Mesoscale satellite data assimilation: impact of cloud-affected infrared observations on a cloud-free initial model state


*Corresponding author. Department of Atmospheric Science, Colorado State University, Fort Collins, CO 80523-1371, USA.


This work presents the results of assimilating cloud-affected radiances from geostationary, infrared window and water vapour channels into a mesoscale, cloud-resolving model using a four-dimensional variational assimilation system for the case of an altocumulus cloud over the Great Plains of the United States. In this case, the initial model state, based on reanalysis data, was virtually cloud-free. The impacts of cloudy-scene radiances on a cloud-free model state (and, more generally, accurate satellite observations on inaccurate model initial conditions) in a four-dimensional variational assimilation framework are discussed.

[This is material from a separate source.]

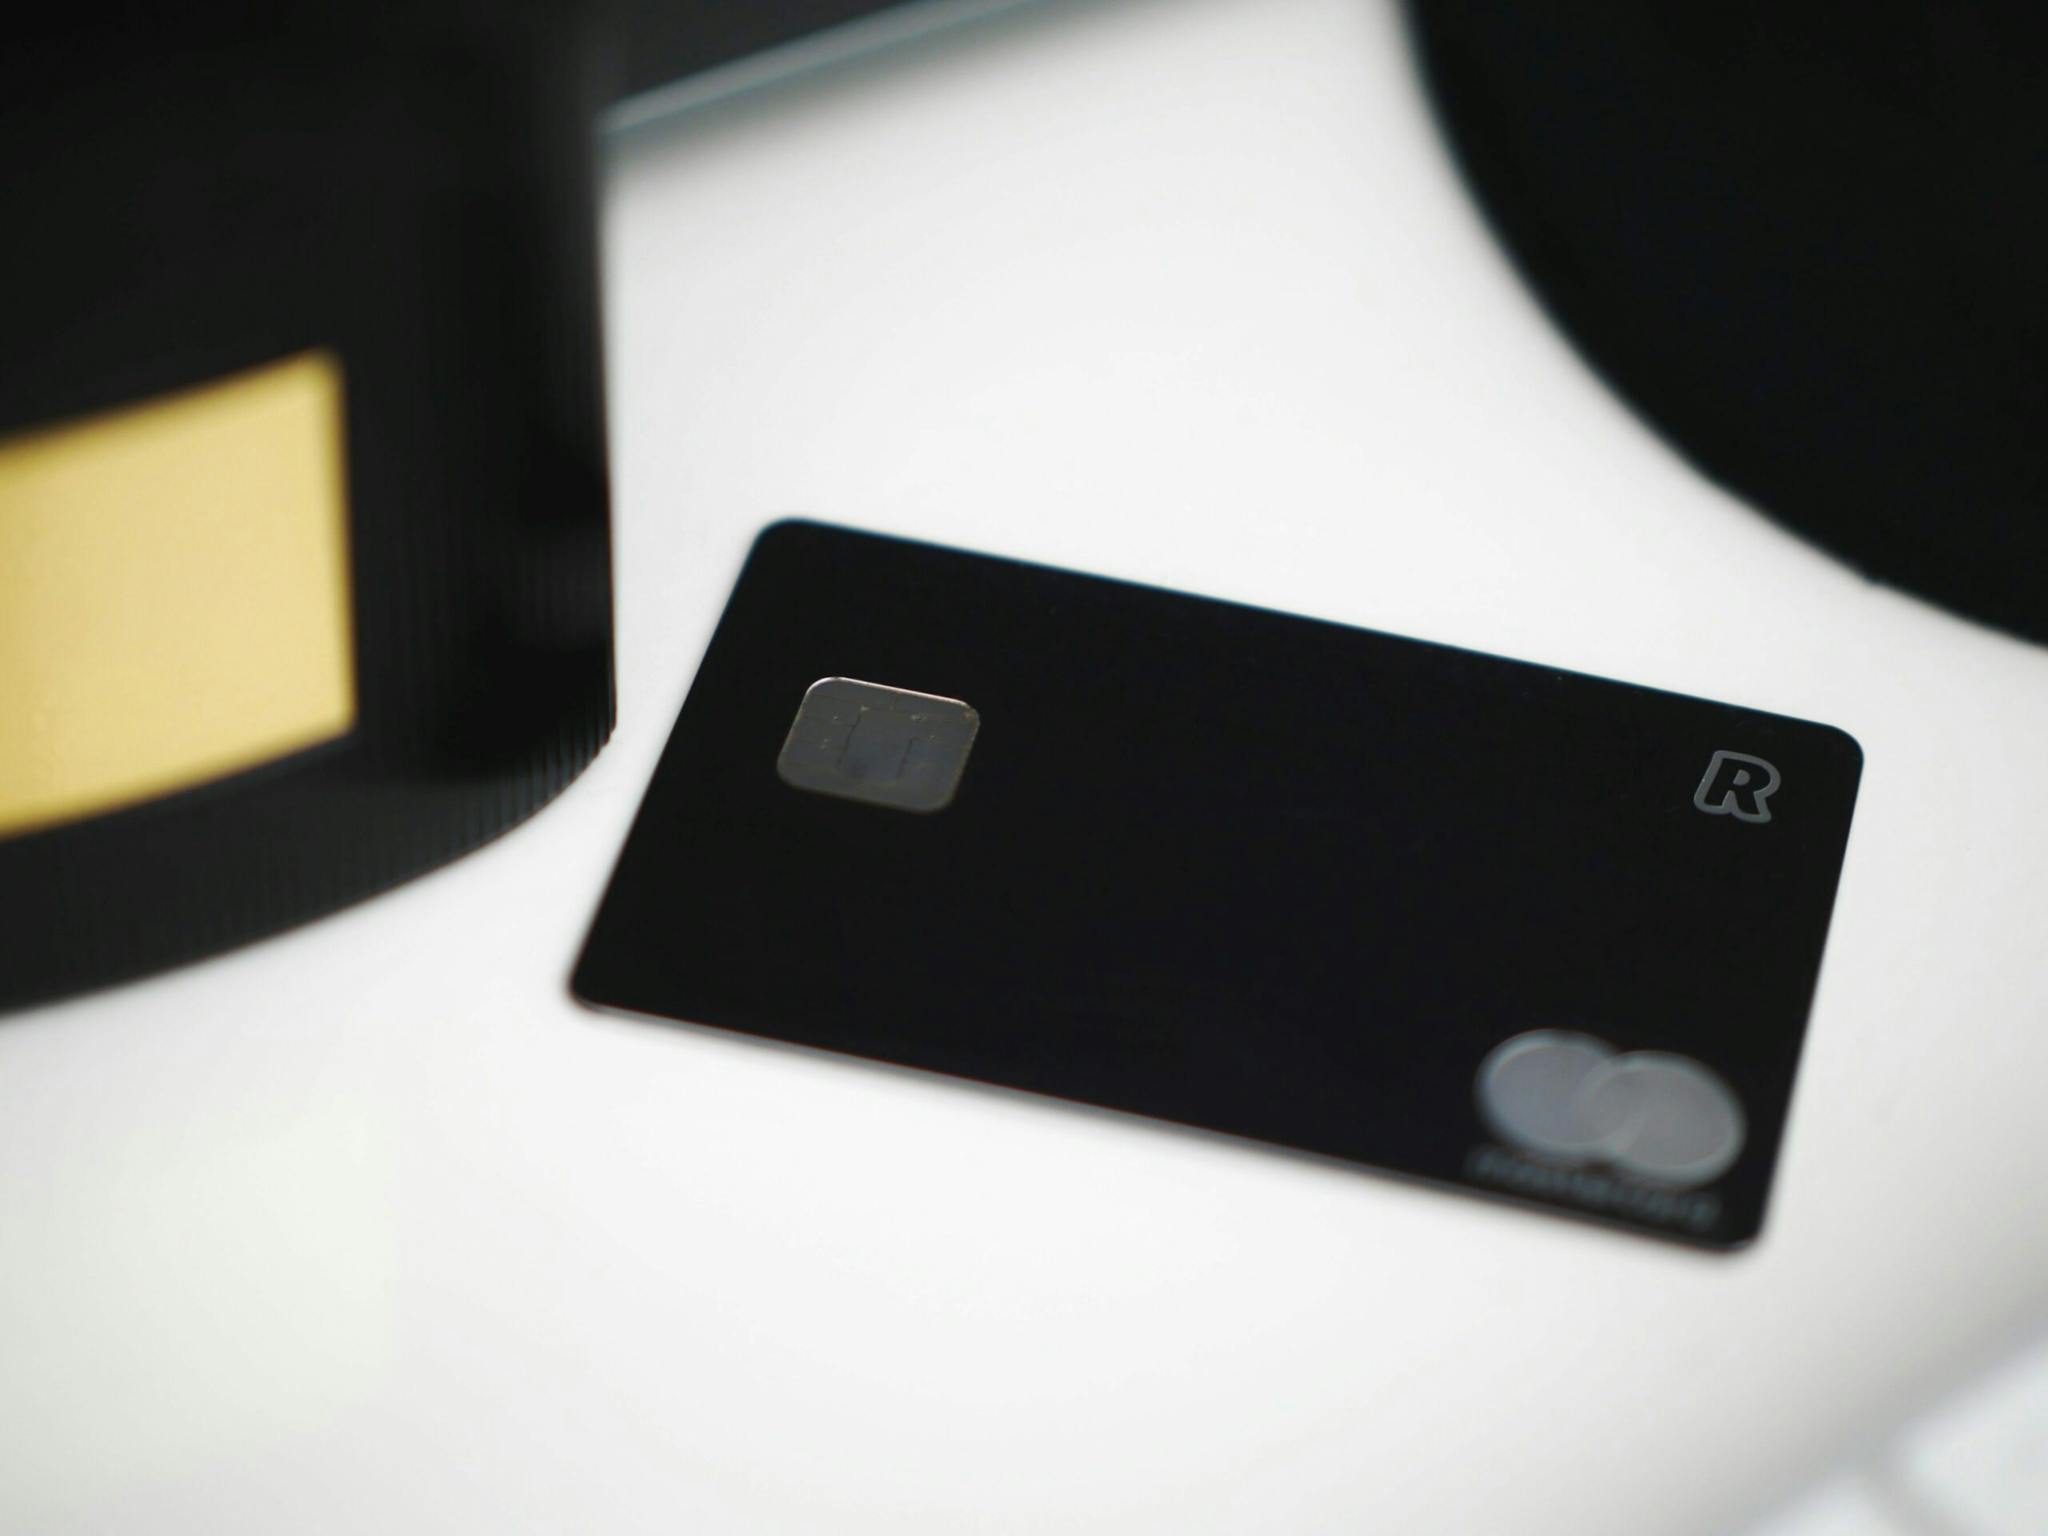 A black credit card resting on a white surface, exuding elegance and sophistication.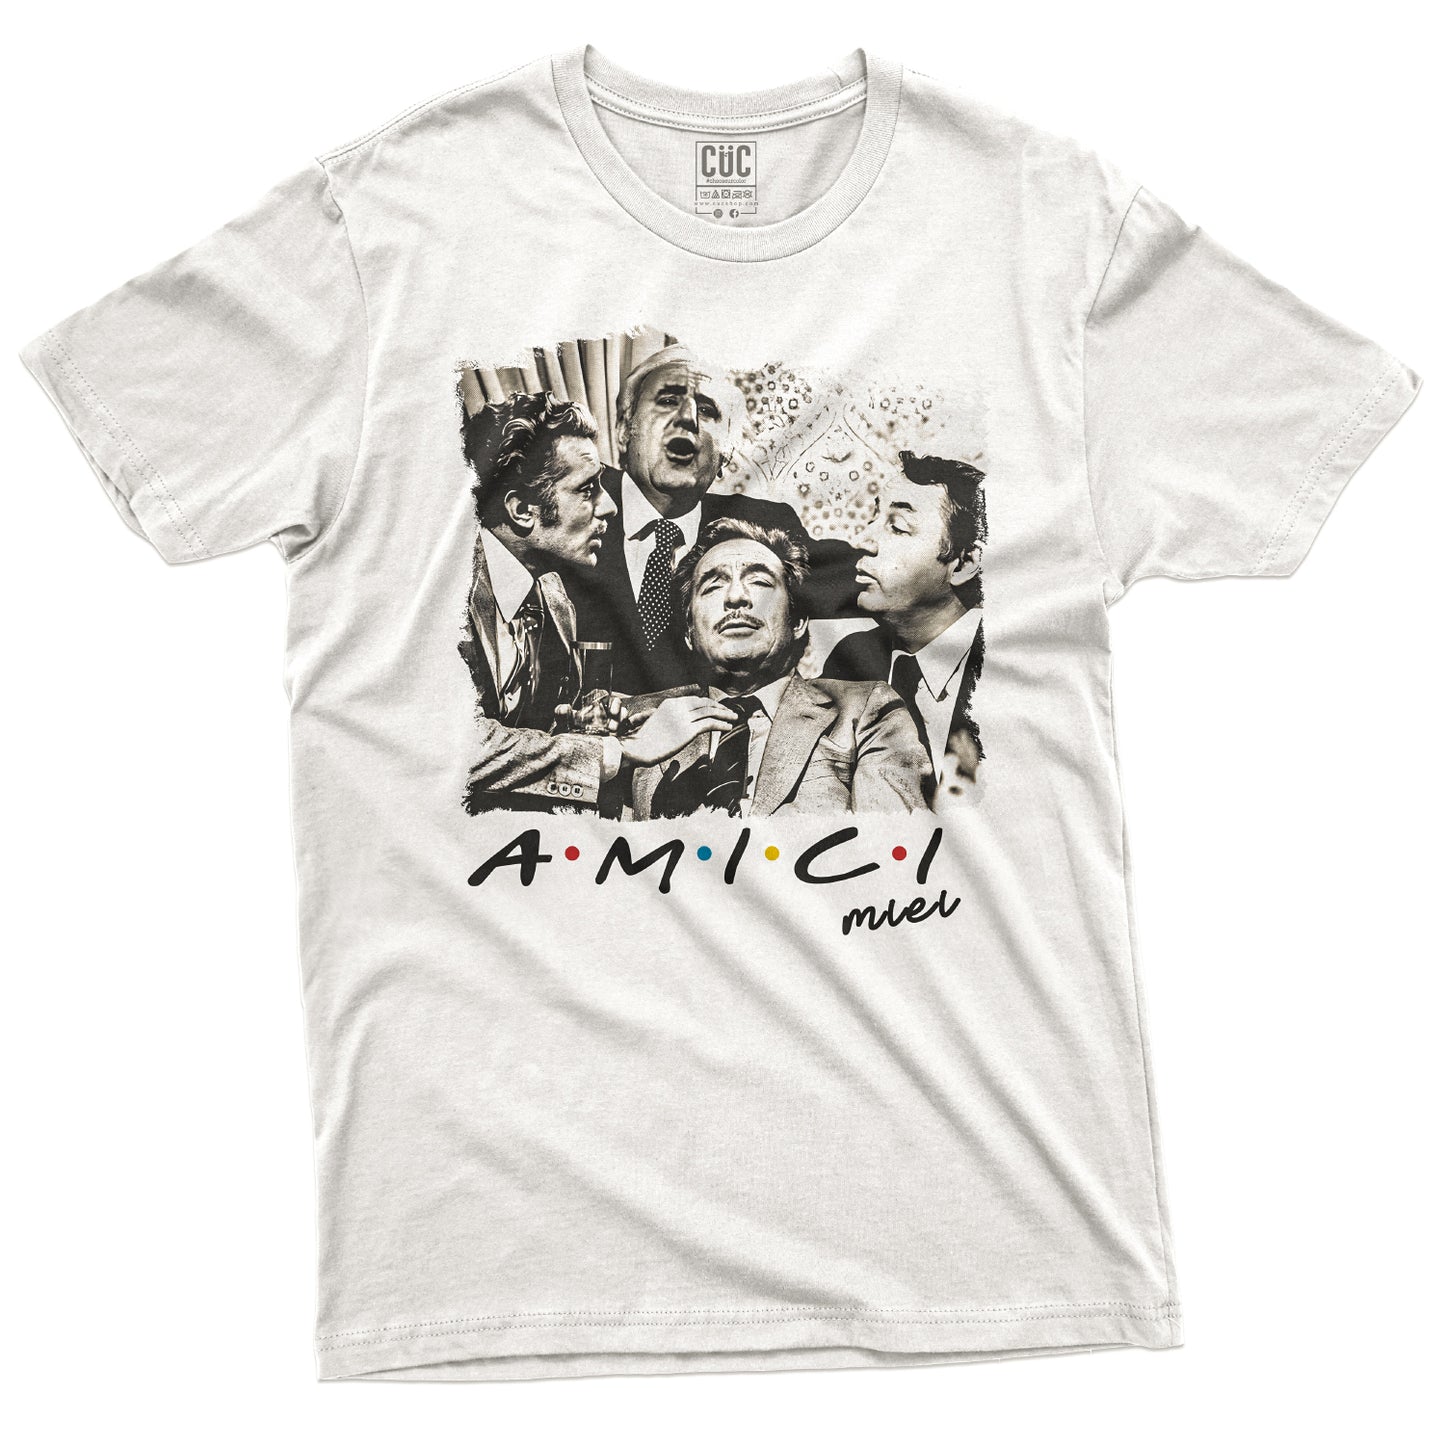 CUC T-Shirt AMICI FRIENDS - Amici miei- Friends  #chooseurcolor

Results indicate that, in a cloud-free model state, the assimilation of cloudy radiances modifies the initial conditions as if no cloud exists. This results in a cooling of the surface and lower troposphere upon assimilation of infrared window channels, and an increase in mid- to upper tropospheric humidity upon assimilation of water vapour channels in an attempt to minimize the differences between the modelled and observed radiances. Neither modification of the initial conditions leads to the formation of the observed cloud. The size of the domain and the background error covariance are found to have a significant impact on the results.